We will now address the respondents’ appeal. First, the respondents contend that the trial commissioner abused his discretion when he relied on testimony of Dr. Lieb to find that the claimant suffered post traumatic stress disorder. Specifically, the respondents argue that because the trial commissioner found that Dr. Lieb’s treatment of the claimant was not reasonable,1 it was therefore not proper for him to rely on his medical opinion. As it is the sole province of the trial commissioner to determine the weight of the evidence, we have repeatedly held that he may choose to believe “some, all or none” of the testimony of a witness. Maglieri v. Incorporated Construction, Ltd., 14 Conn. Workers’ Comp. Rev. Op. 149, 1947 CRB-1-94-1 (June 20, 1995). Similarly, a trial commissioner may rely on some, but not all, of a medical expert’s opinion. Desantis v. Middlebury, 3182 CRB-5-95-10 (February 27, 1997) (citing Busak v. City of Stamford, 12 Conn. Workers’ Comp. Rev. Op. 291, 1562 CRB-7-92-11 (June 8, 1994), aff’d., 39 Conn. App. 919 (1995) (per curiam)). We thus find no error in the trial commissioner’s decision to rely upon the testimony of Dr. Lieb regarding causation, even though he found that Dr. Lieb’s treatment of the claimant was unreasonable. Moreover, the diagnosis of PTSD was not only made by Dr. Lieb, but was also made by Dr. Mejia, a treating psychiatrist, and Dr. Koenigsberg. (Finding ¶ 38 and A).
Additionally, the respondents argue that because the trial commissioner described Dr. Lieb’s treatment as unreasonable, it was therefore error to order the respondents to pay for his medical care. “Section 31-294d makes the employer responsible for necessary and reasonable medical care that the claimant might require. This generally means paying all unpaid medical bills.” Vargas v. King-Conn Enterprises d/b/a Burger King Corporation, 3333 CRB-4-96-4 (Oct. 24, 1997). In the instant case, the trial commissioner labeled Dr. Lieb’s treatment “unreasonable” but he did not hold that the treatment was not “reasonable or necessary” medical treatment under § 31-294d.2 Specifically, in Finding ¶ N where the trial commissioner described Dr. Lieb’s treatment of the claimant, he also orders payment “for these reasonable and necessary bills .” In contrast, the trial commissioner found that a proposed surgical procedure (a cingulotomy) was not appropriate treatment and thus found that the related bills were not compensable. (Finding ¶ Q).
Moreover, we note the following:
It is now uniformly held that aggravation of the primary injury by medical or surgical treatment is compensable. Examples include exacerbation of the claimant’s condition, or death, resulting from antibiotics, antitoxins, sedatives, painkillers, anesthesia, electrical treat & hardments, or corrective or exploratory surgery.
1 Larson & L. Larson, Workers’ Compensation Law (1999) § 10.09.

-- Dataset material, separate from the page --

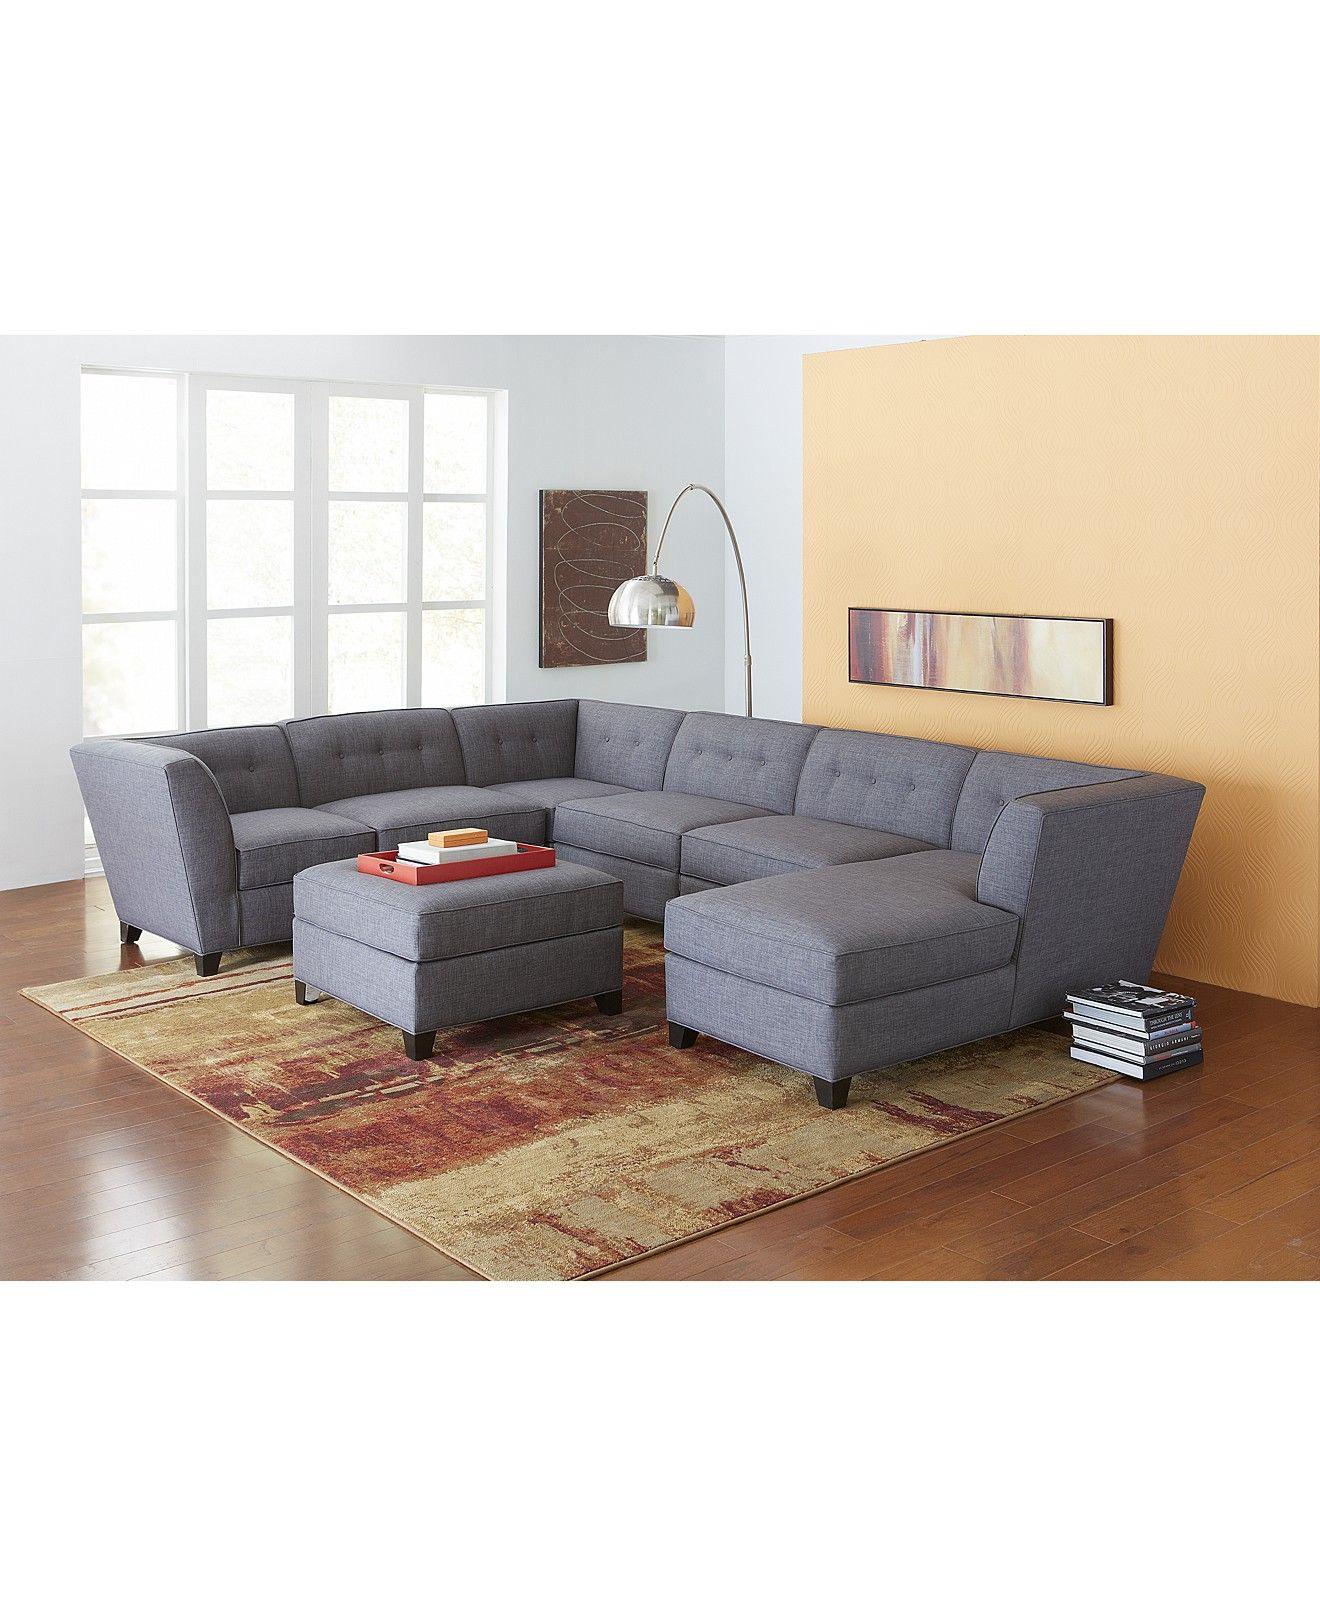 harper fabric 6 piece chaise modular sectional sofa 2 square corner rh pinterest com

Fault on the part of the physician, such as faulty diagnosis, improper administration of anesthesia, excessive surgery, or a slip of the surgeon’s knife does not break the chain of causation.
Id. at § 10.09.
In further support of their appeal, the respondents argue that the trial commissioner ignored evidence regarding physical abuse and other personal problems of the claimant which may have caused her psychiatric condition. To the contrary, the trial commissioner did note the respondents’ argument that the claimant had a history of borderline personality disorder prior to the 1988 train incident, including persistent instability such as family instability, sexual abuse, and drug and alcohol abuse (Finding ¶ 60); the trial commissioner noted “marital problems” (Finding ¶ 77); and the trial commissioner found that Dr. Selig noted a “history of sexual and physical abuse.” (Finding ¶ 87; see also ¶ 62 and ¶ 77). We thus find no merit to the respondents’ argument that the trial commissioner ignored the issue of whether personal factors rather than the compensable injury caused the claimant’s psychiatric condition. Rather, a fair reading of the trial commissioner’s decision reveals that he considered this issue and concluded that the claimant’s compensable injury was the cause of her condition.

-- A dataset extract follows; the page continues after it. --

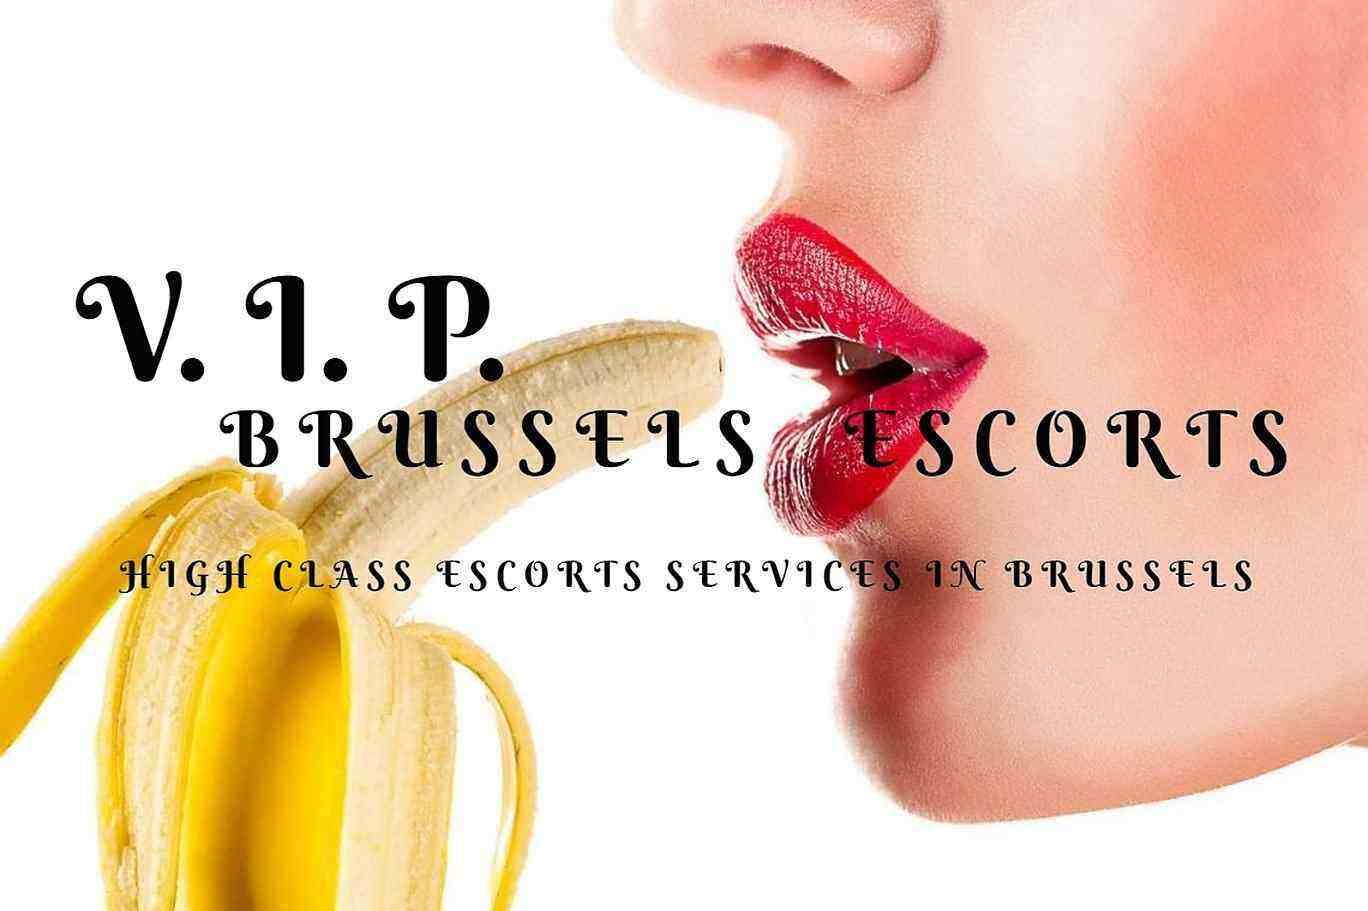 Brussels Escorts

In their appeal, the respondents are essentially seeking to retry the facts of this case, which this board may not do. When reviewing a trial commissioner’s decision, it is well established that this board “is obligated to hear the appeal on the record and not retry the facts .” O’Reilly v. General Dynamics Corp., 52 Conn. App. 813, 816 (1999) (quotations omitted). The determination of whether an injury arose out of and in the course of the employment requires a factual determination by the trial commissioner. O’Reilly, supra; McDonough v. Connecticut Bank & Trust Co., 204 Conn. 104, 117 (1987). “In reviewing the factual determinations of the commissioner, the review [board’s] scope of review is limited. The review [board] may not disturb the conclusions that the commissioner draws from the facts found unless they result from an incorrect application of the law to the subordinate facts or from an inference illegally or unreasonably drawn from them.” Ferrara v. Hospital of St. Raphael, 54 Conn. App. 345, 351 (1999) (citations omitted). “Once the commissioner makes a factual finding, [we are] bound by that finding if there is evidence in the record to support it .” Id. at 349 (citations omitted).

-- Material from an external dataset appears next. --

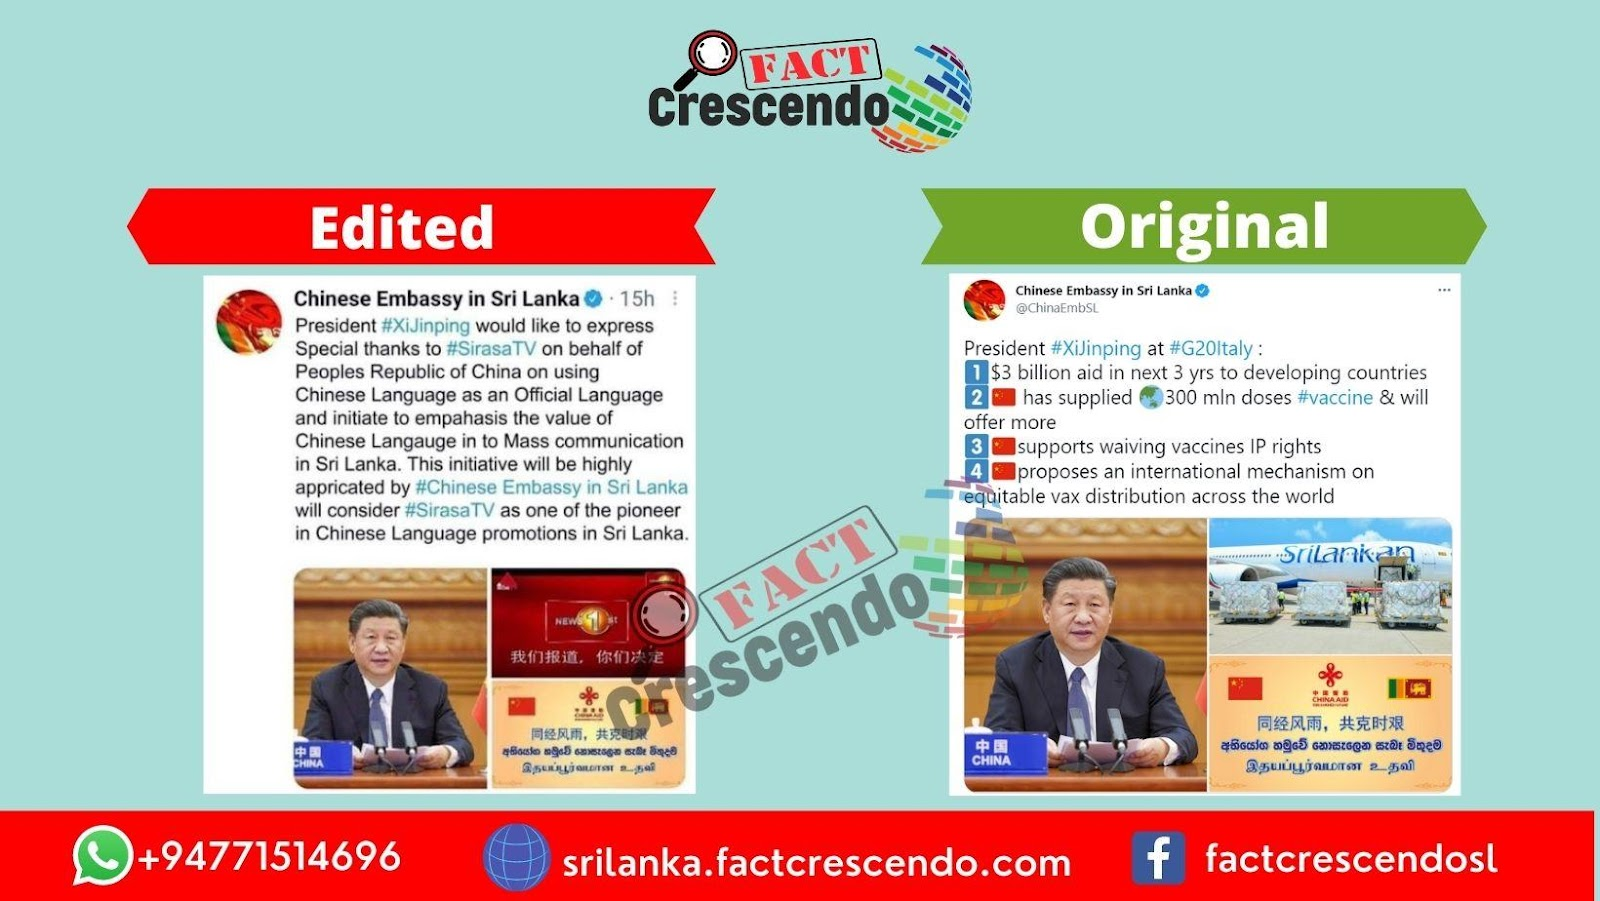 C:\Users\FCSL\Downloads\Horizontal Image Comparison.jpg

In the instant case, the trial commissioner concluded that the claimant suffered from PTSD, a manifestation of depression, as a result of the compensable 1988 accident. This conclusion was based upon the trial commissioner’s assessment of the evidence and is fully supported by the record, including the testimony of Dr. Lieb. The trial commissioner chose not to rely upon the respondents’ contention that the claimant’s psychiatric condition pre-dated the 1988 accident. It was within the authority of the trial commissioner, as the finder of fact, to determine the weight of the evidence presented and the credibility of the testimony offered by lay and expert witnesses. Webb v. Pfizer, Inc., 14 Conn. Workers’ Comp. Rev. Op. 69, 70, 1859 CRB-5-93-9 (May 12, 1995) (citing Tovish v. Gerber Electronics, 32 Conn. App. 595, 599 (1993), appeal dismissed, 229 Conn. 587 (1994)).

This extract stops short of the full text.